The Born Ultimatum: Conditions for Classical Surrogation of Quantum Generative Models with Correlators

TL;DR

This paper investigates the limitations of classical surrogates for quantum generative models, specifically QCBMs, by analyzing the discrepancies caused by deployment differences using Fourier correlators and tensor network methods.

Contribution

It introduces a framework to quantify classical surrogation discrepancies in QCBMs through Fourier decomposition and provides analytical and numerical insights into these effects.

Findings

Discrepancies between classical surrogates and quantum models are analytically quantified.

Numerical demonstrations show the impact of deployment differences on generative performance.

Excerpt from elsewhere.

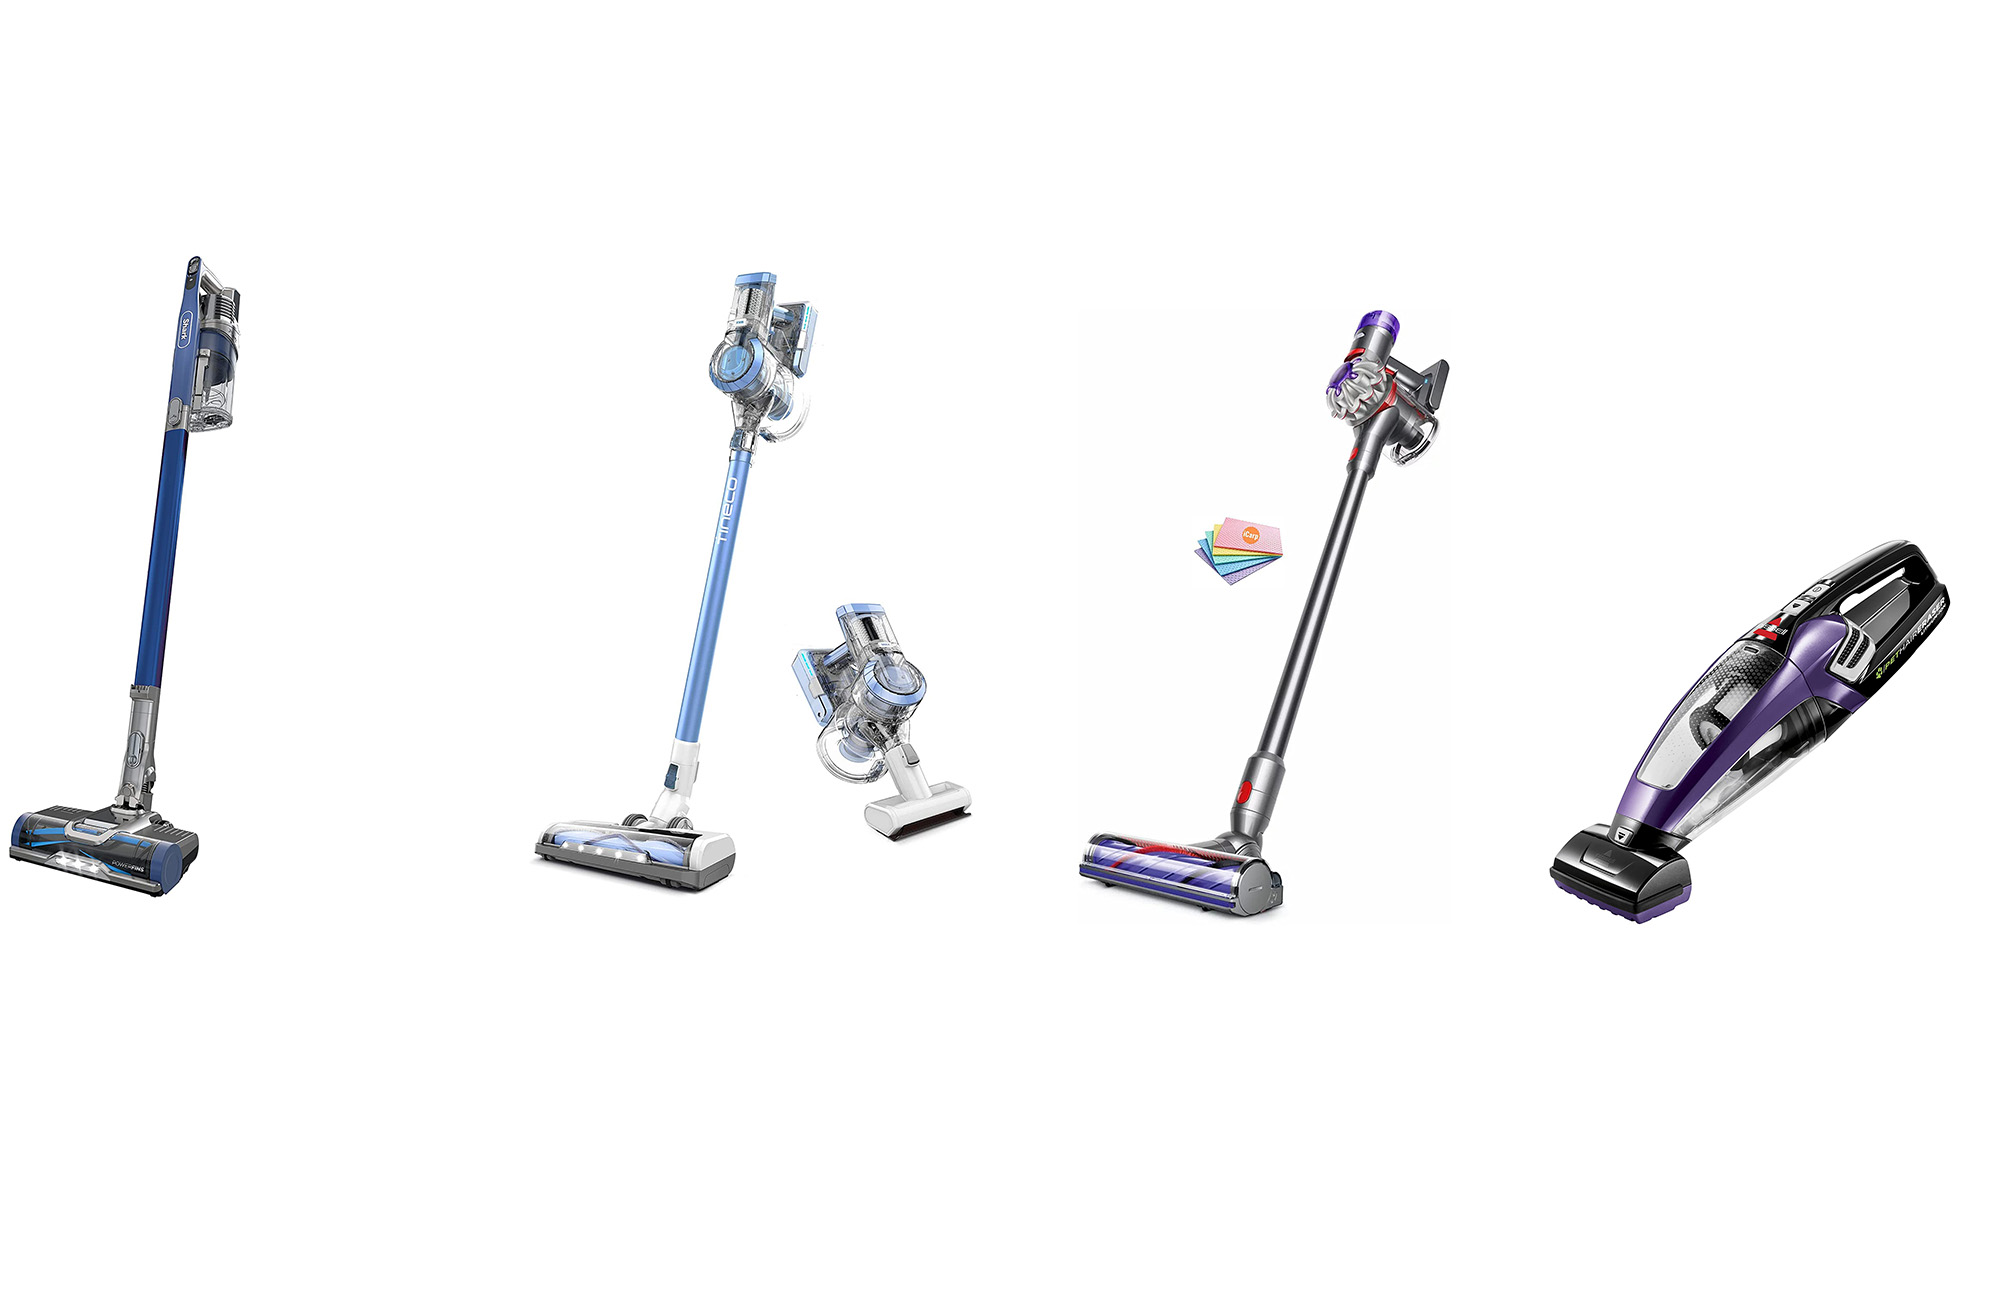 The 7 best cordless stick vacuums from Shark and Dyson - ABC7 Chicago

Closed-form expressions for Pauli propagation and Lie algebra are derived for specific circuits.

Abstract

Quantum Circuit Born Machines (QCBMs) are powerful quantum generative models that sample according to the Born rule, with complexity-theoretic evidence suggesting potential quantum advantages for generative tasks. Here, we identify QCBMs as a quantum Fourier model independently of the loss function. This allows us to apply known dequantization conditions when the optimal quantum distribution is available. However, realizing this distribution is hindered by trainability issues such as vanishing gradients on quantum hardware. Recent train-classical, deploy-quantum approaches propose training classical surrogates of QCBMs and using quantum devices only for inference. We analyze the limitations of these methods arising from deployment discrepancies between classically trained and quantumly deployed parameters. Using the Fourier decomposition of the Born rule in terms of correlators, we quantify this discrepancy analytically. Approximating the decomposition via distribution truncation and classical surrogation provides concrete examples of such discrepancies, which we demonstrate numerically. We study this effect using tensor-networks and Pauli-propagation-based classical surrogates. Our study examines the use of IQP circuits, matchcircuits, Heisenberg-chain circuits, and Haldane-chain circuits for the QCBM ansatz. In doing so, we derive closed-form expressions for Pauli propagation in IQP circuits and the dynamical Lie algebra of the Haldane chain, which may be of independent interest.